Source information

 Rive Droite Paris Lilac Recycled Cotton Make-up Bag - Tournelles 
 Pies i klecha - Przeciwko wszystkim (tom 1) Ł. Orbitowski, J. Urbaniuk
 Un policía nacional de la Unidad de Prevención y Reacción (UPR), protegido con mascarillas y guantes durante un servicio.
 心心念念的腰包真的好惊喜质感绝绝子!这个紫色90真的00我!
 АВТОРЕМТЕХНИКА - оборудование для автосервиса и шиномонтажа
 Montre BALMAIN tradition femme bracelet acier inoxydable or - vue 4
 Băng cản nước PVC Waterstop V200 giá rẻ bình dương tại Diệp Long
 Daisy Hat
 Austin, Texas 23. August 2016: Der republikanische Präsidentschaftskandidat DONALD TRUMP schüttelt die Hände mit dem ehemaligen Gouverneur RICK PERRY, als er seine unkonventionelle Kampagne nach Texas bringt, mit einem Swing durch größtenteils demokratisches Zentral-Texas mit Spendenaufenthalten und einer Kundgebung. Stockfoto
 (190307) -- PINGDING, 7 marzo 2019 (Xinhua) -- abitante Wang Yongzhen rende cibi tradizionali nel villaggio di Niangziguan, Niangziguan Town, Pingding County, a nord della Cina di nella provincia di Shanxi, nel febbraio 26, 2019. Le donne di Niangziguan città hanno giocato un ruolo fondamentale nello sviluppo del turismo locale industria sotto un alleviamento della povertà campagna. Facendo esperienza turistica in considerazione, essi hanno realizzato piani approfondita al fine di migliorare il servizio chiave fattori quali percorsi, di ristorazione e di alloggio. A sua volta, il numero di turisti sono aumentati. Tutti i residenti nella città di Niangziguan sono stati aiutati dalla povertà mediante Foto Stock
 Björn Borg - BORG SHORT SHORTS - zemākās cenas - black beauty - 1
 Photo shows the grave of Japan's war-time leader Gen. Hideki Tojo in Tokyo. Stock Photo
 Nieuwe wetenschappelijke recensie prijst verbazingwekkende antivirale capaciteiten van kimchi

Work to complete
Look in the material above for the line with "Un policía nacional" and the line with "Austin, Texas 23.", and transcribe exactly those lines and all lines between them, nothing more.

Exercise answer
 Un policía nacional de la Unidad de Prevención y Reacción (UPR), protegido con mascarillas y guantes durante un servicio.
 心心念念的腰包真的好惊喜质感绝绝子!这个紫色90真的00我!
 АВТОРЕМТЕХНИКА - оборудование для автосервиса и шиномонтажа
 Montre BALMAIN tradition femme bracelet acier inoxydable or - vue 4
 Băng cản nước PVC Waterstop V200 giá rẻ bình dương tại Diệp Long
 Daisy Hat
 Austin, Texas 23. August 2016: Der republikanische Präsidentschaftskandidat DONALD TRUMP schüttelt die Hände mit dem ehemaligen Gouverneur RICK PERRY, als er seine unkonventionelle Kampagne nach Texas bringt, mit einem Swing durch größtenteils demokratisches Zentral-Texas mit Spendenaufenthalten und einer Kundgebung. Stockfoto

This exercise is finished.